• The data
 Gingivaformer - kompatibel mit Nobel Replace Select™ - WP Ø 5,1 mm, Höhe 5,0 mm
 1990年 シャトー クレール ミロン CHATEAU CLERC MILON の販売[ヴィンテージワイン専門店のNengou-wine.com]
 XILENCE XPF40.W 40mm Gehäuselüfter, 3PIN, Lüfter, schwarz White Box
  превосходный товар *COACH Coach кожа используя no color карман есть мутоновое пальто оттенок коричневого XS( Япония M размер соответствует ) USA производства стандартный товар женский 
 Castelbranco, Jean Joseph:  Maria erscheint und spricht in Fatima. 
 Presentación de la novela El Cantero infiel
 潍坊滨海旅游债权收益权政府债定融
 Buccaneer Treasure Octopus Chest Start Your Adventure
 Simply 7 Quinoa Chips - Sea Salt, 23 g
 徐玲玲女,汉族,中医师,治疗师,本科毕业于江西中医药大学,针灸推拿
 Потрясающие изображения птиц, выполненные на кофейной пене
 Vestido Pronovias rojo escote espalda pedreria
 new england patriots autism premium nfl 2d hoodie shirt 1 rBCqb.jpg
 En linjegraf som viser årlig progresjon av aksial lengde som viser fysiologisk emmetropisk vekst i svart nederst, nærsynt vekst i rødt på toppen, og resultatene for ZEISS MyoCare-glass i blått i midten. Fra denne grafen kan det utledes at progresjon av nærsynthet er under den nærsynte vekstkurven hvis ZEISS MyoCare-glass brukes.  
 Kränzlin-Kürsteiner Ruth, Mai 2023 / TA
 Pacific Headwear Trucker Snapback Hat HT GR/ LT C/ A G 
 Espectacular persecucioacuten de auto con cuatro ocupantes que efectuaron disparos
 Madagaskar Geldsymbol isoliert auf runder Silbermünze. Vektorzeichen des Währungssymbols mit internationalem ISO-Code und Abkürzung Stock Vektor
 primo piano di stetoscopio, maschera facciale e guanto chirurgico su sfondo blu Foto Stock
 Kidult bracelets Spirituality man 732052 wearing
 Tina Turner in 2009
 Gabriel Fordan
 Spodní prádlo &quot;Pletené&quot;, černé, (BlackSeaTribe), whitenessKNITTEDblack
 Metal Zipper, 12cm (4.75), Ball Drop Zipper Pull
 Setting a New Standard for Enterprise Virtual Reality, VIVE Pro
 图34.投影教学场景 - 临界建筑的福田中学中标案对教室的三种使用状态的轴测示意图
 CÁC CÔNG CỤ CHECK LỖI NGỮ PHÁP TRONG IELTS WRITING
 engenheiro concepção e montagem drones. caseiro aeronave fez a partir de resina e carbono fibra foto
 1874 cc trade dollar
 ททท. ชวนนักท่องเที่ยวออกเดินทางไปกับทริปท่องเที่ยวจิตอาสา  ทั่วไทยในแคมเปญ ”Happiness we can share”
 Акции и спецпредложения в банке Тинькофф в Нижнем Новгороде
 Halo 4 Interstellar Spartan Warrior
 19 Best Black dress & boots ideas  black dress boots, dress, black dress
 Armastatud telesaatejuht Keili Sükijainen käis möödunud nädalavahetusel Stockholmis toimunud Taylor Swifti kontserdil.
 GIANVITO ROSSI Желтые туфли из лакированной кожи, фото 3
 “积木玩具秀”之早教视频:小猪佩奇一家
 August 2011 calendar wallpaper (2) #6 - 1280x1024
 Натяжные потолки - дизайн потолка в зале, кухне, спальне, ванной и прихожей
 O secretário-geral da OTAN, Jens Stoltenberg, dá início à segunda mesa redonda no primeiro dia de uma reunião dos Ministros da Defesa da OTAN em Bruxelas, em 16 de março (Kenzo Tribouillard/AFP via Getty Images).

• Work order
A word-for-word restatement of all the records is required.

• Exercise response
 Gingivaformer - kompatibel mit Nobel Replace Select™ - WP Ø 5,1 mm, Höhe 5,0 mm
 1990年 シャトー クレール ミロン CHATEAU CLERC MILON の販売[ヴィンテージワイン専門店のNengou-wine.com]
 XILENCE XPF40.W 40mm Gehäuselüfter, 3PIN, Lüfter, schwarz White Box
  превосходный товар *COACH Coach кожа используя no color карман есть мутоновое пальто оттенок коричневого XS( Япония M размер соответствует ) USA производства стандартный товар женский 
 Castelbranco, Jean Joseph:  Maria erscheint und spricht in Fatima. 
 Presentación de la novela El Cantero infiel
 潍坊滨海旅游债权收益权政府债定融
 Buccaneer Treasure Octopus Chest Start Your Adventure
 Simply 7 Quinoa Chips - Sea Salt, 23 g
 徐玲玲女,汉族,中医师,治疗师,本科毕业于江西中医药大学,针灸推拿
 Потрясающие изображения птиц, выполненные на кофейной пене
 Vestido Pronovias rojo escote espalda pedreria
 new england patriots autism premium nfl 2d hoodie shirt 1 rBCqb.jpg
 En linjegraf som viser årlig progresjon av aksial lengde som viser fysiologisk emmetropisk vekst i svart nederst, nærsynt vekst i rødt på toppen, og resultatene for ZEISS MyoCare-glass i blått i midten. Fra denne grafen kan det utledes at progresjon av nærsynthet er under den nærsynte vekstkurven hvis ZEISS MyoCare-glass brukes.  
 Kränzlin-Kürsteiner Ruth, Mai 2023 / TA
 Pacific Headwear Trucker Snapback Hat HT GR/ LT C/ A G 
 Espectacular persecucioacuten de auto con cuatro ocupantes que efectuaron disparos
 Madagaskar Geldsymbol isoliert auf runder Silbermünze. Vektorzeichen des Währungssymbols mit internationalem ISO-Code und Abkürzung Stock Vektor
 primo piano di stetoscopio, maschera facciale e guanto chirurgico su sfondo blu Foto Stock
 Kidult bracelets Spirituality man 732052 wearing
 Tina Turner in 2009
 Gabriel Fordan
 Spodní prádlo &quot;Pletené&quot;, černé, (BlackSeaTribe), whitenessKNITTEDblack
 Metal Zipper, 12cm (4.75), Ball Drop Zipper Pull
 Setting a New Standard for Enterprise Virtual Reality, VIVE Pro
 图34.投影教学场景 - 临界建筑的福田中学中标案对教室的三种使用状态的轴测示意图
 CÁC CÔNG CỤ CHECK LỖI NGỮ PHÁP TRONG IELTS WRITING
 engenheiro concepção e montagem drones. caseiro aeronave fez a partir de resina e carbono fibra foto
 1874 cc trade dollar
 ททท. ชวนนักท่องเที่ยวออกเดินทางไปกับทริปท่องเที่ยวจิตอาสา  ทั่วไทยในแคมเปญ ”Happiness we can share”
 Акции и спецпредложения в банке Тинькофф в Нижнем Новгороде
 Halo 4 Interstellar Spartan Warrior
 19 Best Black dress & boots ideas  black dress boots, dress, black dress
 Armastatud telesaatejuht Keili Sükijainen käis möödunud nädalavahetusel Stockholmis toimunud Taylor Swifti kontserdil.
 GIANVITO ROSSI Желтые туфли из лакированной кожи, фото 3
 “积木玩具秀”之早教视频:小猪佩奇一家
 August 2011 calendar wallpaper (2) #6 - 1280x1024
 Натяжные потолки - дизайн потолка в зале, кухне, спальне, ванной и прихожей
 O secretário-geral da OTAN, Jens Stoltenberg, dá início à segunda mesa redonda no primeiro dia de uma reunião dos Ministros da Defesa da OTAN em Bruxelas, em 16 de março (Kenzo Tribouillard/AFP via Getty Images).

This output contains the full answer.